(Given data)

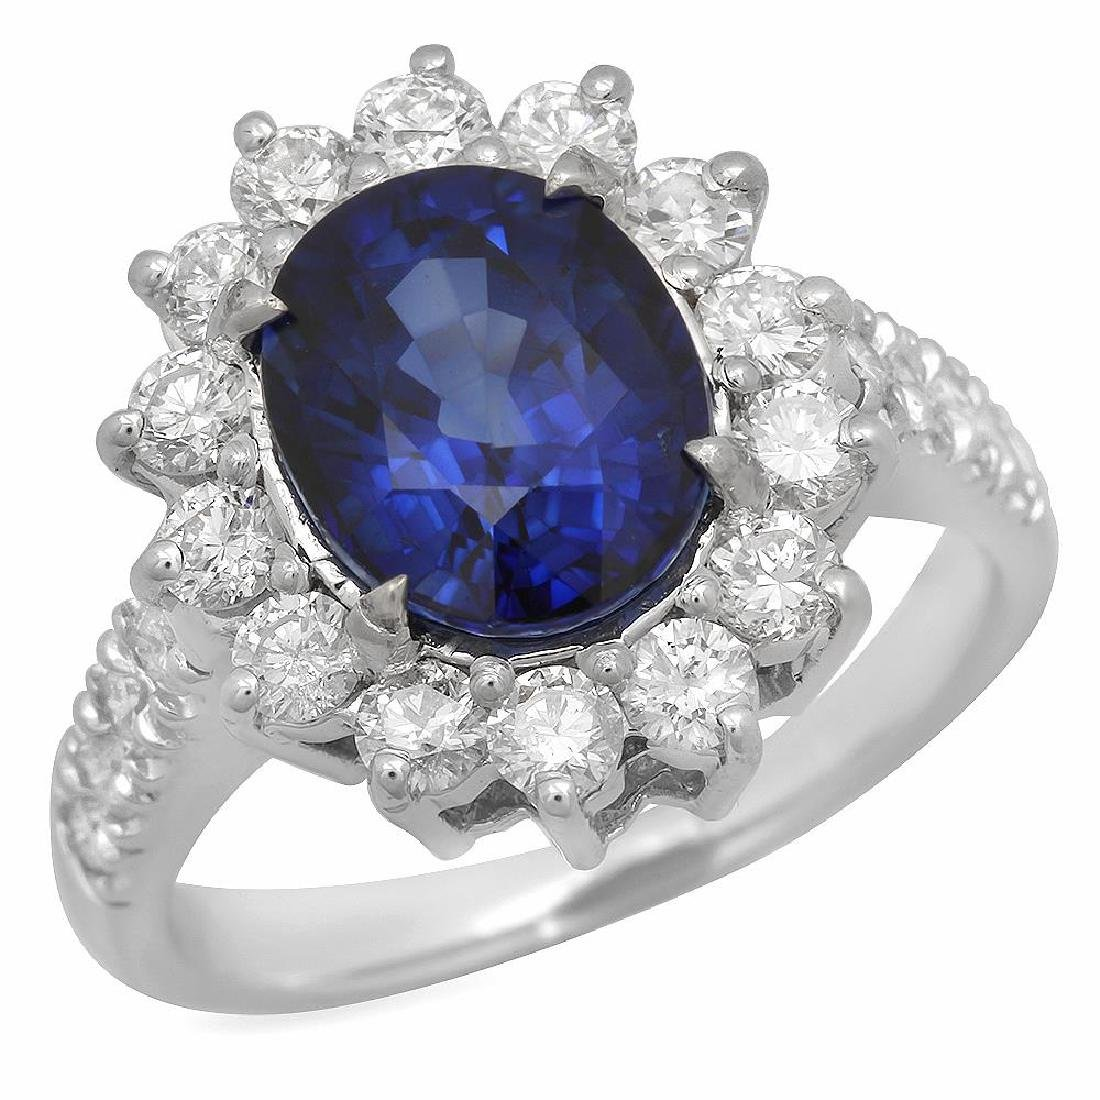 14K Gold 2.51ct Sapphire 1.15ct Diamond Ring
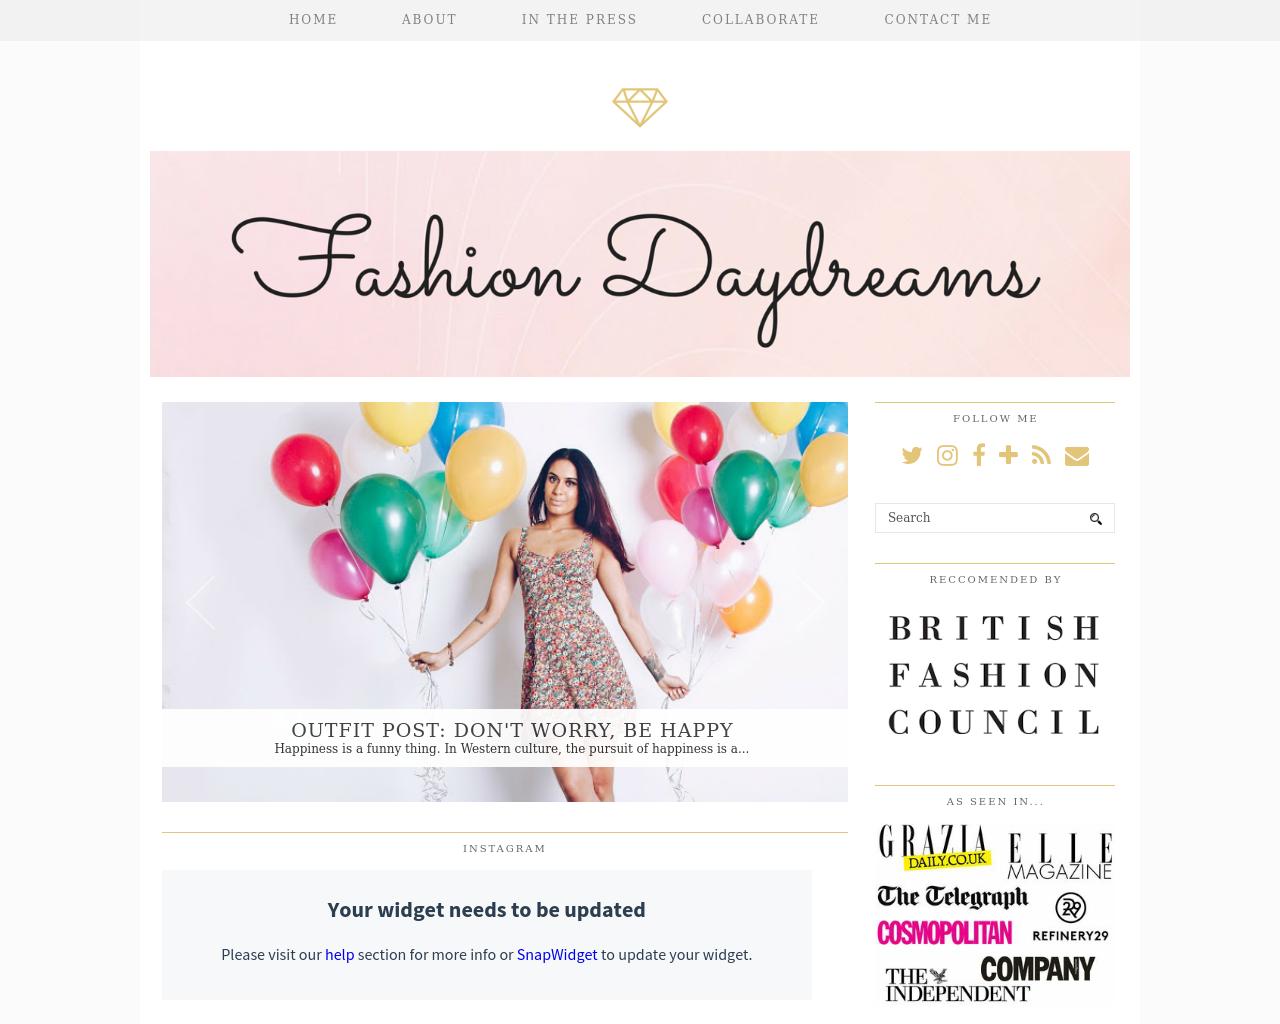 Fashion-Daydreams-Advertising-Reviews-Pricing
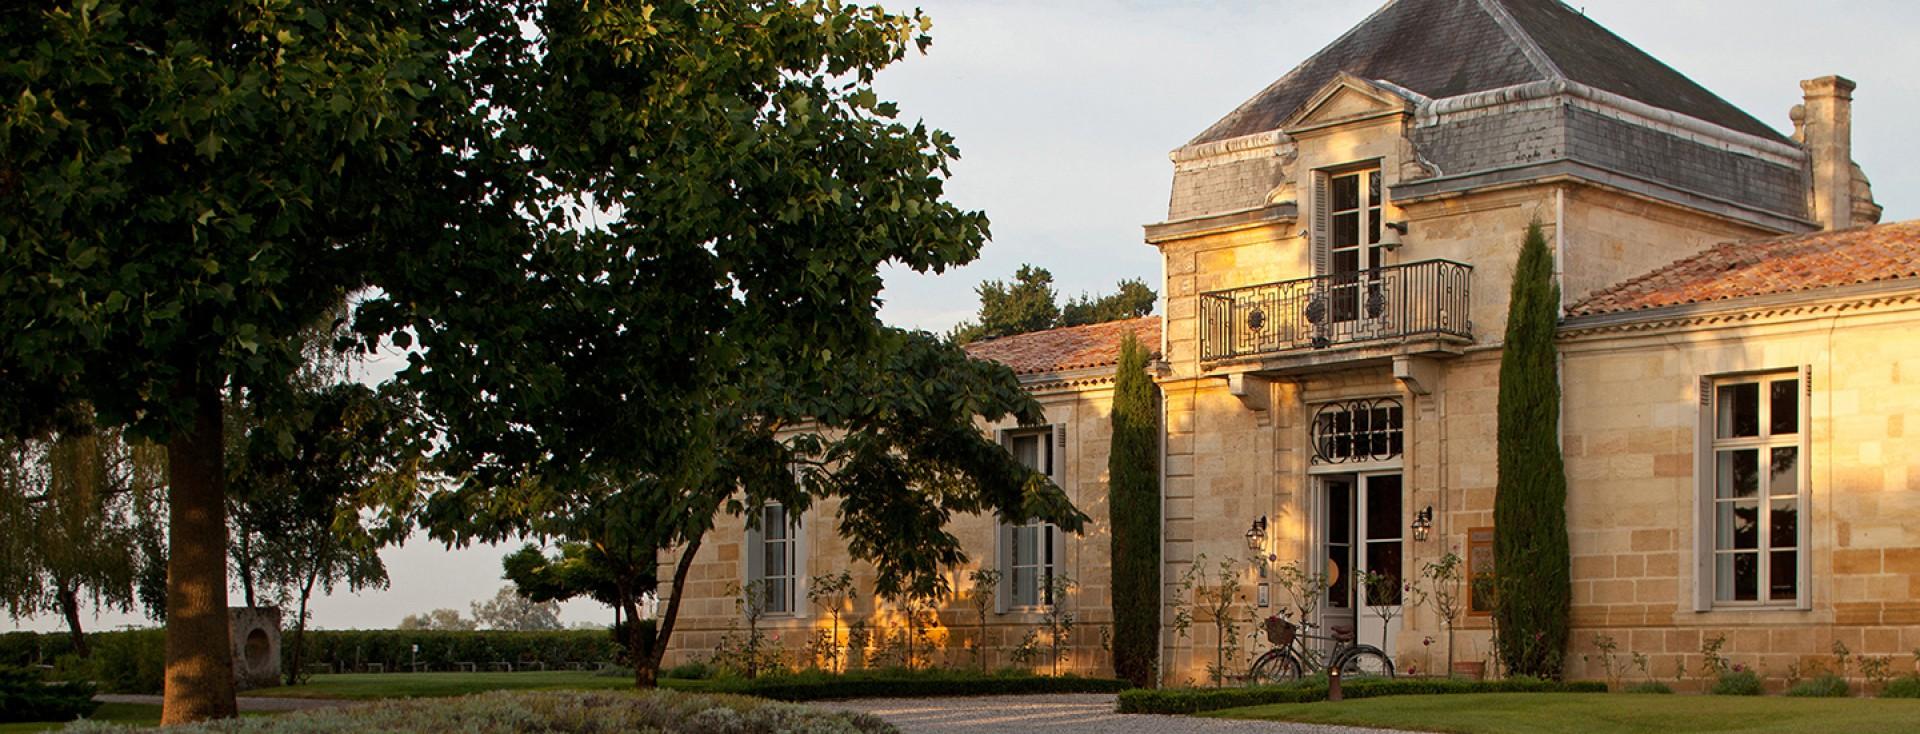 Chateau Hotel Restaurant Gironde

(What is needed)
In your reply, every line of the material should appear exactly as written, and no picture should.

(Answer to this exercise)
 14K Gold 2.51ct Sapphire 1.15ct Diamond Ring
 Fashion-Daydreams-Advertising-Reviews-Pricing
 Chateau Hotel Restaurant Gironde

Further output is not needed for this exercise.